WHEN I was 15, my mum and I saw something strange in the night sky.
Driving along Port Rd, we both clearly saw a white pulsing light hovering over Wellington Harbour.
As the car slammed to a stop against the kerb, however, our perspective on the light changed.
Just like that, what had surely been the interstellar chariot of pan-dimensional alien explorers resolved into the Air NZ 9 o’clock from Rotorua making its descent into Wellington Airport.
Bummer.
In my defence, this was at the height of X-Files mania to which I was particularly and happily susceptible, but still, it was an eye opener.
One minute the truth was out there in front of our eyes, the next we were just a couple of rubes on the side of the road gawping at the pretty lights.
Maybe it’s the same perspective change the UK’s Royal Air Force experienced before deciding to shut down its 50-year-old, toll-free UFO hotline this week?
It’s the end of an era for British UFO spotters, who took the hot line’s very existence as proof that something was “going on”.
As recently as January, the Telegraph, a normally sedate UK newspaper, reported the RAF were under orders to shoot down UFO’s when they came across them.
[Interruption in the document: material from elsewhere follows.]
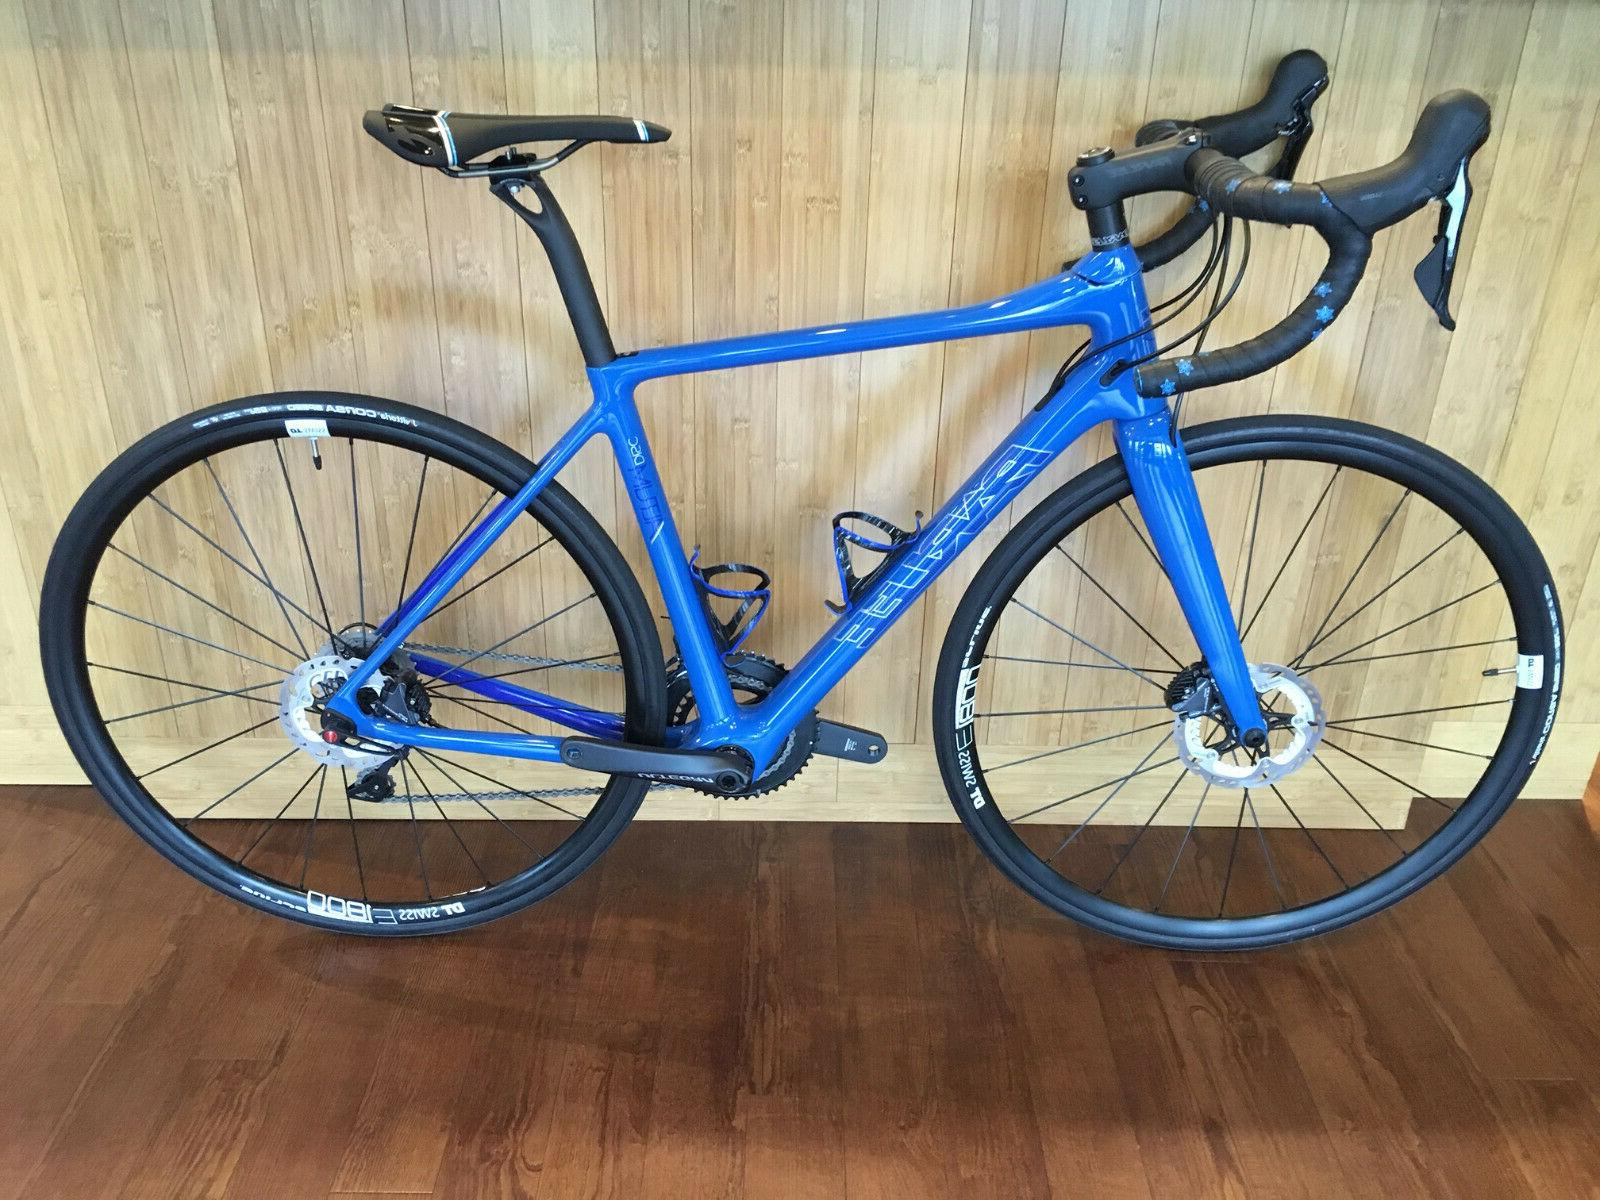 Parlee Altum Road Blue Ultegra 8000 Small Demo Upgrades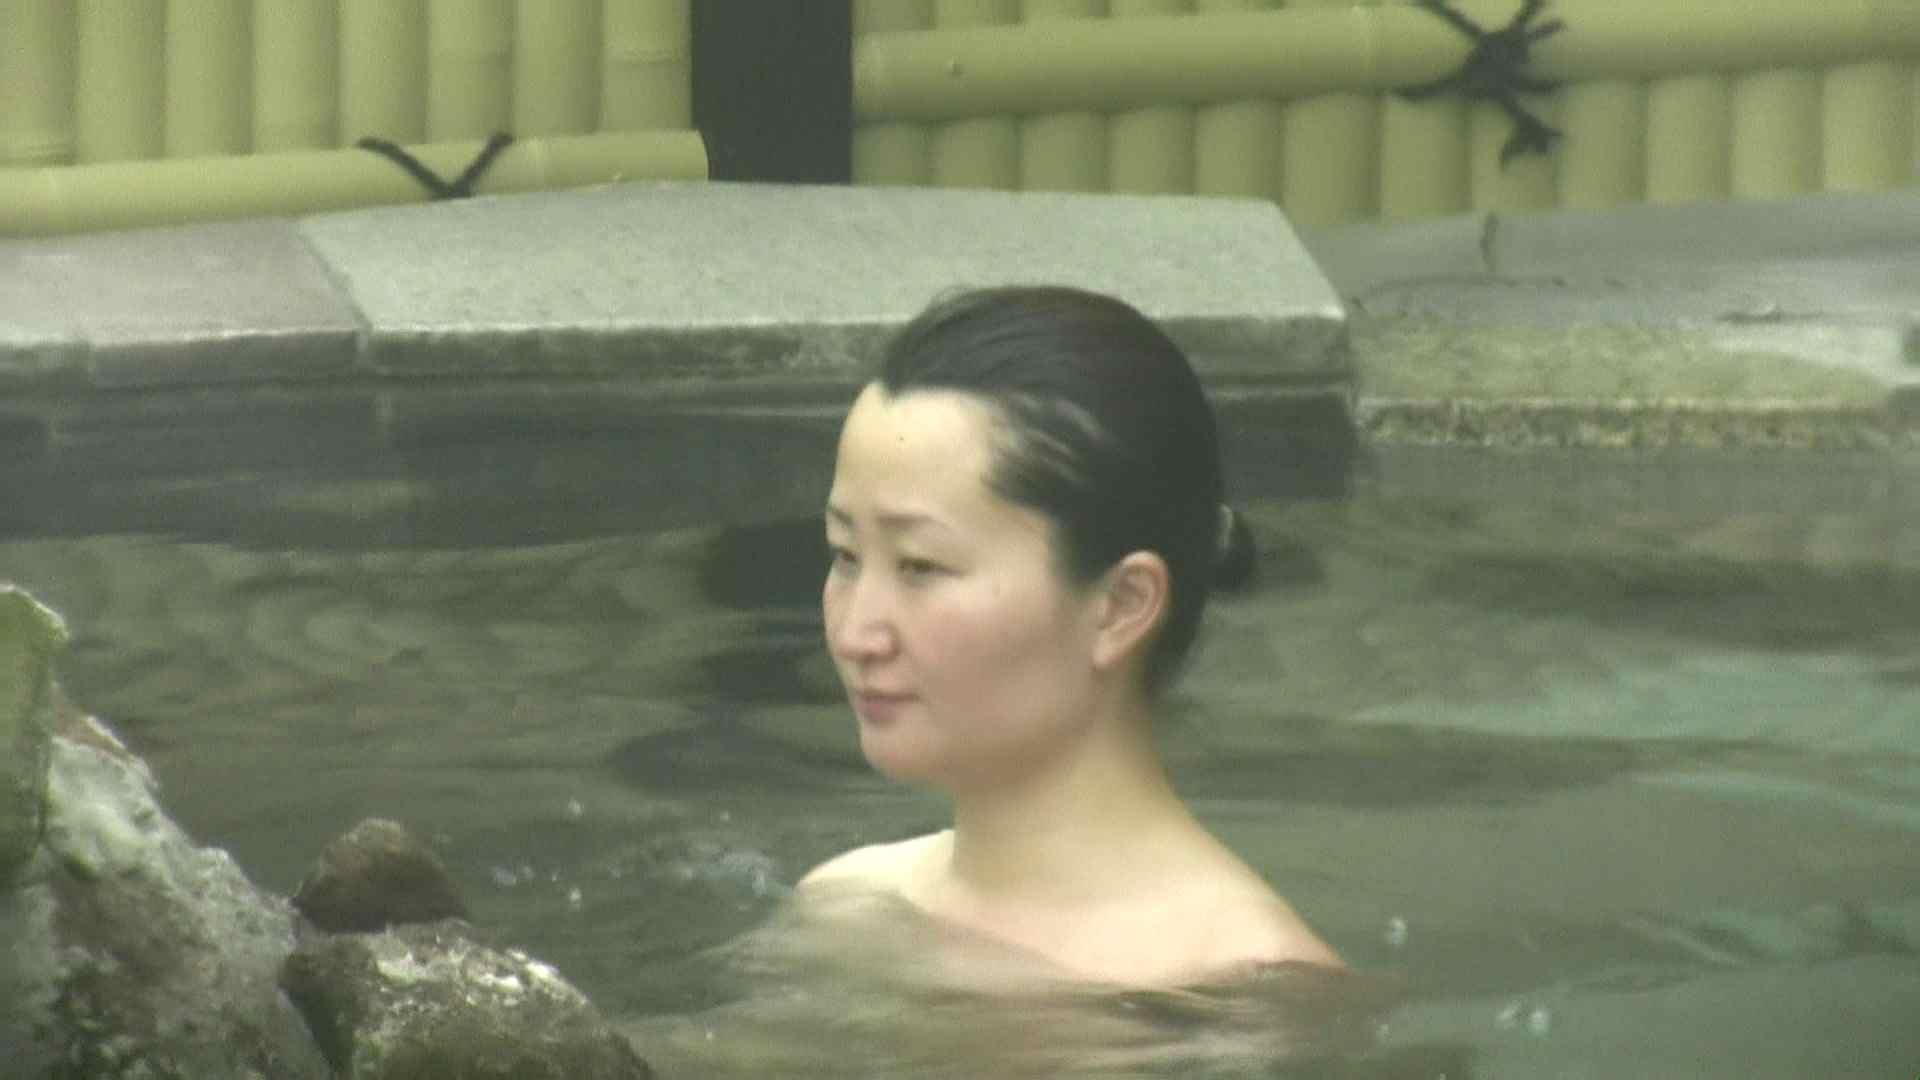 Aquaな露天風呂Vol.632 盗撮 | OLセックス  70画像 19

Nice one, Biggles. Way to roll out the intergalactic welcome mat.
The Telegraph got its story directly from Nick Pope, the UK’s top UFO expert and former civil servant. Nick worked on the Ministry of Defence’s UFO desk for three years.
The X-Files ran for longer, but Nick had three years paid for by the British tax payer, manning the big red Alien Attack phone.
Because, yes, the Ministry of Defence of the United Kingdom had a whole UFO desk, to go with the phone line and e-mail account.
But that was in the old days when everyone, including the British Government it seems, wanted to believe.
As any well-versed UFO nut knows, the Brits have had a singular relationship with unexplained aerial phenomena.
From crop circles – variously described as the product of alien landing patterns, messages from other dimensions and a couple of drunk blokes on a lark after a night at the pub – to alien abductions, there’s a group in the UK catering to your particular area of interest.
I once spent a day with a group of UFO investigators at an airfield in Duxford in Lincolnshire, pouring over blurry photographs of fuzzy lights in the sky, learning to tell the difference between “cigar-shaped mother ships” and “flashing ball scouts”.
Like I said, happily susceptible.
But this year UFOinfo.com prefaced their list of 582 UFO sightings in the UK with a warning about products from a company called UFO Balloons (guess what they sell) messing with their figures.
It is probably important to also note the majority of the sightings seem tohave happened in the wee small hours of January 1, when I think we can all agree the good people of the UK are perhaps not at their most clear-headed.
Back home, UFOinfo.com has only 10 sightings in New Zealand this year so far. That’s six down on last year’s figures.
Clearly, we’re not watching the skies enough.
“Flashing Ball Scouts” over Wellington aside, seems like the idea that aliens are coming, are here or are even on their way doesn’t have the pop culture cache it had back when Fox “Spooky” Mulder was on your freaky sky watching side too.
If you see something unexplained in the night sky, contact UFOCUS and fill out one of their sighting report forms. Just make sure it’s not the Air NZ 9 o’clock from Rotorua.